I like the book because it goes beyond whats often always clinically noted as prototypic "depressive symptoms" and focuses on the black community and how/when/why our signs and symptoms may be different from other groups (and therefore why we are so largely undiagnosed).

Another great thing is the personal anecedotes--> I think this is key, especially for the folks who don't think they need counseling. There's tons of examples of ppl going thru what you (general) may be going through and reading about them may help the stubborn/hard-headed folks see a need for help themselves.

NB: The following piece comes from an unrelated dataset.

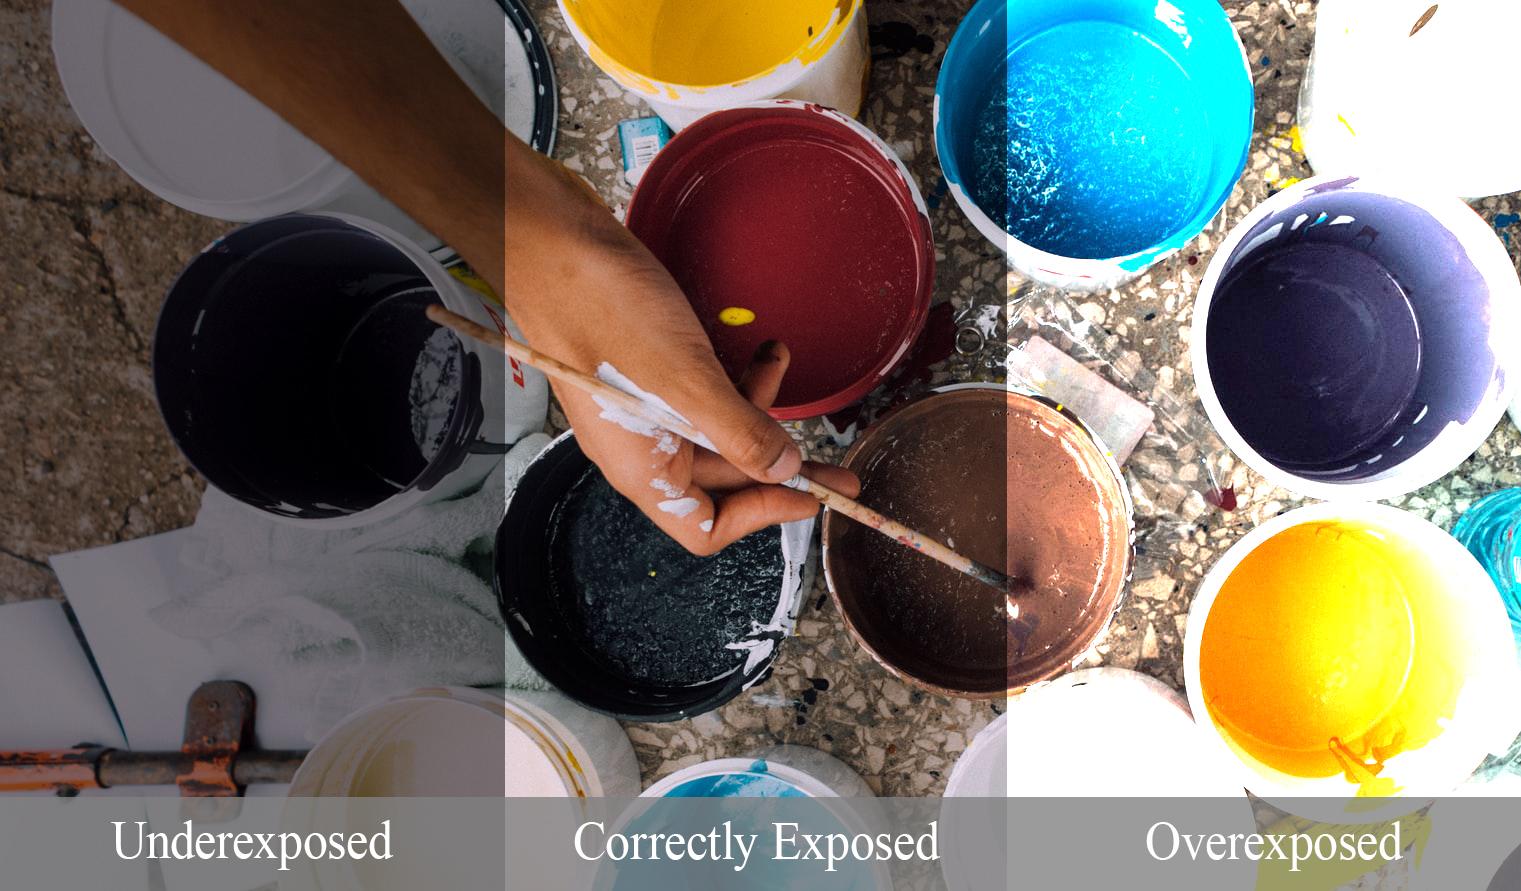 example of exposures

Not to mention the behaviors that are endemic to the black community are correlated to untreated/undiagnosed depression. Interesting stuff.
 
Here's what I think it is:

OP was dating her boo for years.

Boo needed papers and married OP. Op loved him & she felt it was the right time anyway so she did it. (He just felt it was right to correct his situation). OP on cloud nine she is married and "had no regrets", got pregnant and they moved in together. OP= really proud of relationship & posting on LHCF .....

....Until he started showing his a$$ recently. Pregnant OP is now acting "clingy" (I'm sure this is Boo's word); Boo reminds OP this only a "legal" marriage, not "religious" so it's not real anyway.

OP is not liking this new situation & now states she doesn't want "marriage", insecurities, it complicates things, is not happy with Boo, yada, yada. Thanking God she didn't really marry Boo. :rolleyes:

Posts her new dilemma here. People realizing this is not making sense. OP trying to fill the gaps in because it's all not making sense to her either it seems.